# Exercise:
Type the listing below out again exactly. No images.

# Available data:
· · · · · · ·

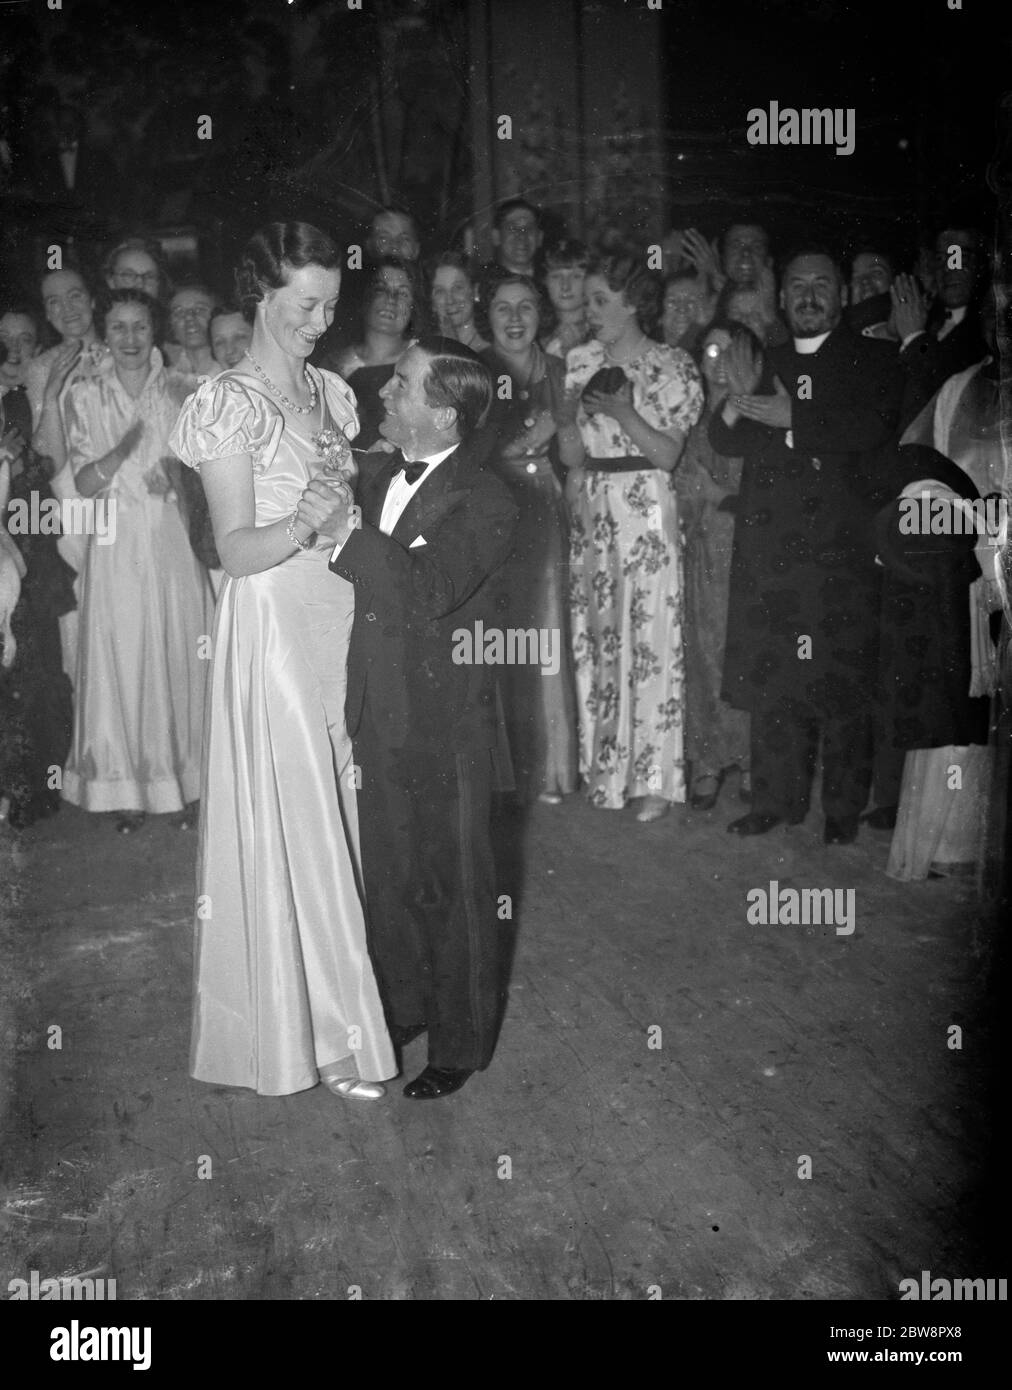 El jockey campeón retirado, Steve Donoghue y una joven lideran el primer baile en la apertura de Carlton Hall, Erith, Kent. 1937 Foto de stock
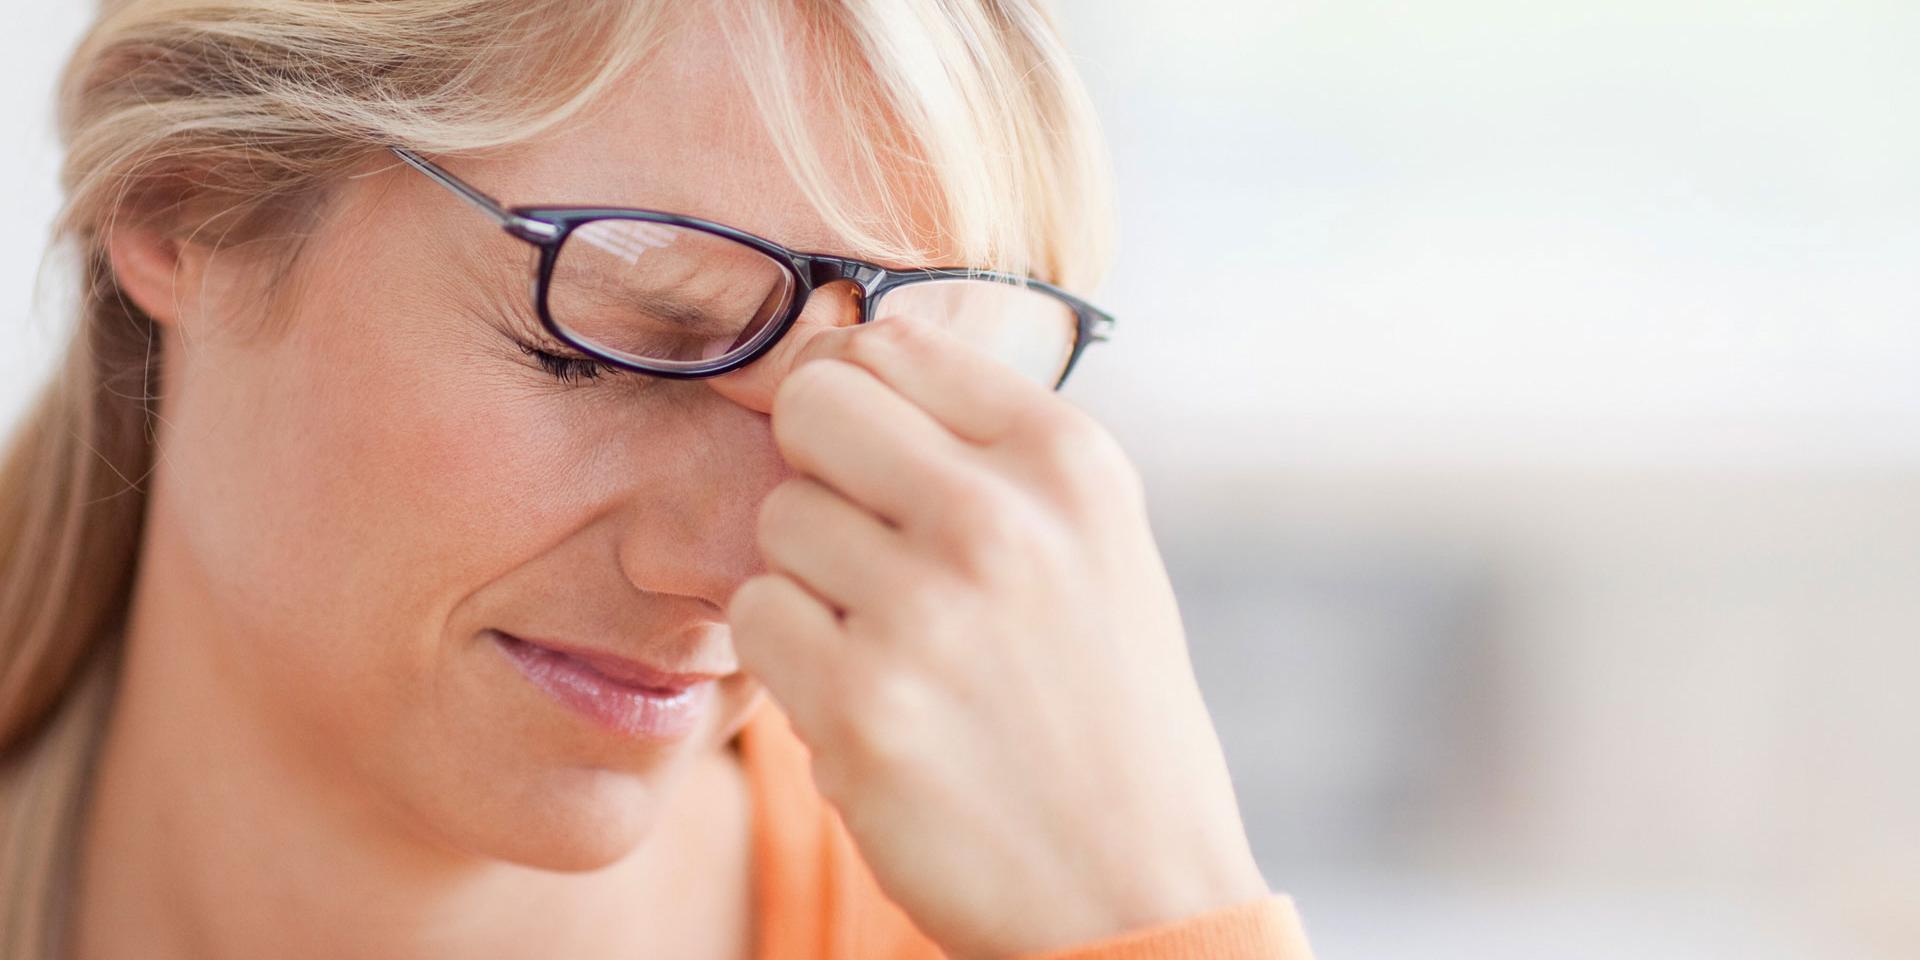 Kann die falsche Brille oder schlechtes Licht den Augen schaden?
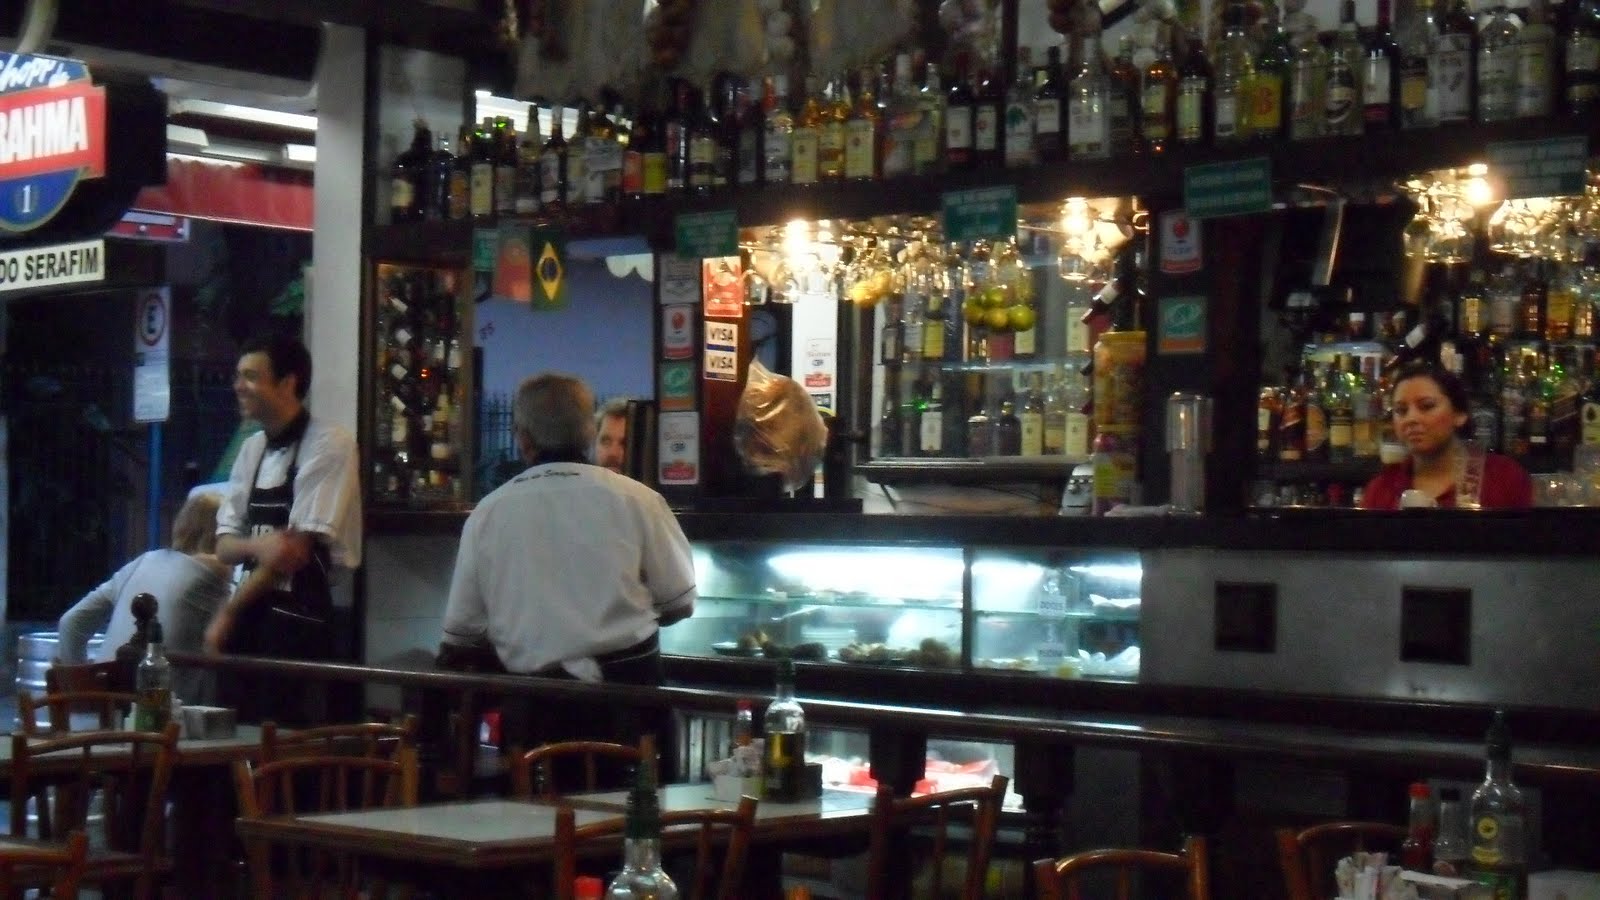 Bares (antigo): Bar do Serafim

· · · · · · ·

# Solution to this problem:
 El jockey campeón retirado, Steve Donoghue y una joven lideran el primer baile en la apertura de Carlton Hall, Erith, Kent. 1937 Foto de stock
 Kann die falsche Brille oder schlechtes Licht den Augen schaden?
 Bares (antigo): Bar do Serafim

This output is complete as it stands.